Ignoring all external influences, Figure 1 depicts the principle forces acting a golf ball in flight. These forces are assumed to be those with the largest influence on the golf ball's trajectory. The forces are:
$\mathbf{F}_D$: The drag force is opposed to the velocity $\mathbf{v}$, its magnitude for a given component is determined by $$F_{D} = \frac{1}{2} C_{D} \rho A |v|^{2}$$ $\rho$ is the density of the air and $A$ golf ball's cross sectional area. The drag coefficient, $C_{D}$, is itself a function of both the ball's linear and angular speed.
$\mathbf{F}_{L}$: The lift force is perpendicular to linear and rotational velocity, thus determined by a cross product. Its magnitude for a given component is determined by $$F_{L} = \frac{1}{2} C_{L} \rho A |v|^{2}$$ The lift coefficient, $C_{L}$, is itself a function of both the ball's linear and angular speed.

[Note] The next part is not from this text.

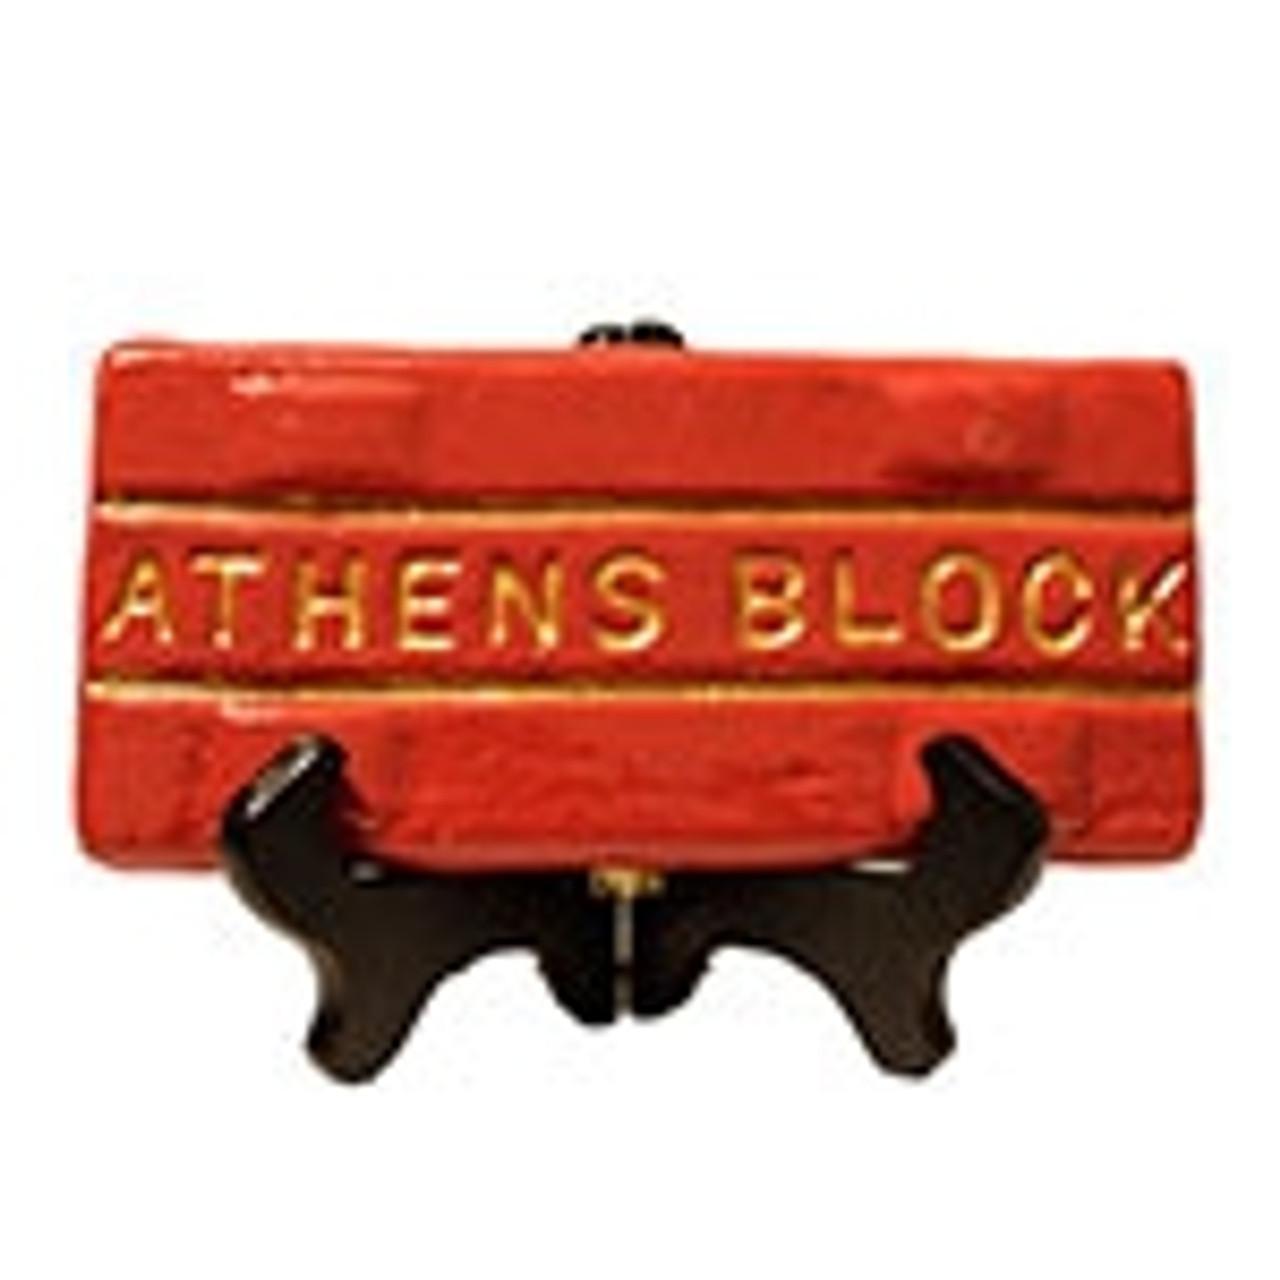 Athens Block Studio

$m\mathbf{g}$: Gravity, it goes downwards.
Applying Newton's second law, $$\mathbf{a} = \frac{1}{m} \sum \mathbf{F}$$ and simplifying results in the following system of ODES:
$$ \begin{eqnarray} \frac{d^2x}{dt^2} &=& -\frac{\rho A |v|}{2m} (C_{D}v_{x} - C_{L}[\frac{\omega_y}{|\omega|}v_z - \frac{\omega_y}{|\omega|}v_y]) \\ \frac{d^2y}{dt^2} &=& -g -\frac{\rho A |v|}{2m} (C_{D}v_{y} - C_{L}[\frac{\omega_z}{|\omega|}v_x - \frac{\omega_x}{|\omega|}v_z]) \\ \frac{d^2z}{dt^2} &=& -\frac{\rho A |v|}{2m} (C_{D}v_{z} - C_{L}[\frac{\omega_x}{|\omega|}v_y - \frac{\omega_y}{|\omega|}v_x]) \end{eqnarray}$$This system assumes a linear rate of decay for the spin, which is described the following system of equations:
$$ \begin{eqnarray} \frac{d\omega_x}{dt} &=& -SRD \frac{\omega_x |v|}{R} \\ \frac{d\omega_y}{dt} &=& -SRD \frac{\omega_y |v|}{R} \\ \frac{d\omega_z}{dt} &=& -SRD \frac{\omega_z |v|}{R} \end{eqnarray} $$$R$ is the radius of the golf ball.
Remark : It is convention set the $y$-axis as elevation allowing the spin rate to be positive for back spin . This leads to a constant interchange of $y$ and $z$ axes for launch and direction angle calculations; however; this can be abstracted away.
Here SRD, $C_{D}$ and $C_{L}$ are given by their empirical equations:
$$ \begin{eqnarray} C_{D} &=& C_{D1} + C_{D2} + C_{D3} \sin(\pi [R_{e} - A_{1}]/A_{2}) \\ R_{e} &=& \frac{\rho |v| L}{\mu} \\ C_{L} &=& C_{L1} S^{0.45} \\ SRD &=& R_{1} S \\ S &=& \frac{ |\omega| R}{|v|} \end{eqnarray} $$It can be seen the drag coefficient depends on the object's shape and Reynolds number, $R_{e}$, and the lift coefficient on the spin rate factor, $S$. The values of the constants $C_{D1}$, $C_{D2}$, $C_{L1}$, $\mu$, $R$, $R_{1}$, $A_{1}$ and $A_{2}$ can be found in the calc_traj.py module.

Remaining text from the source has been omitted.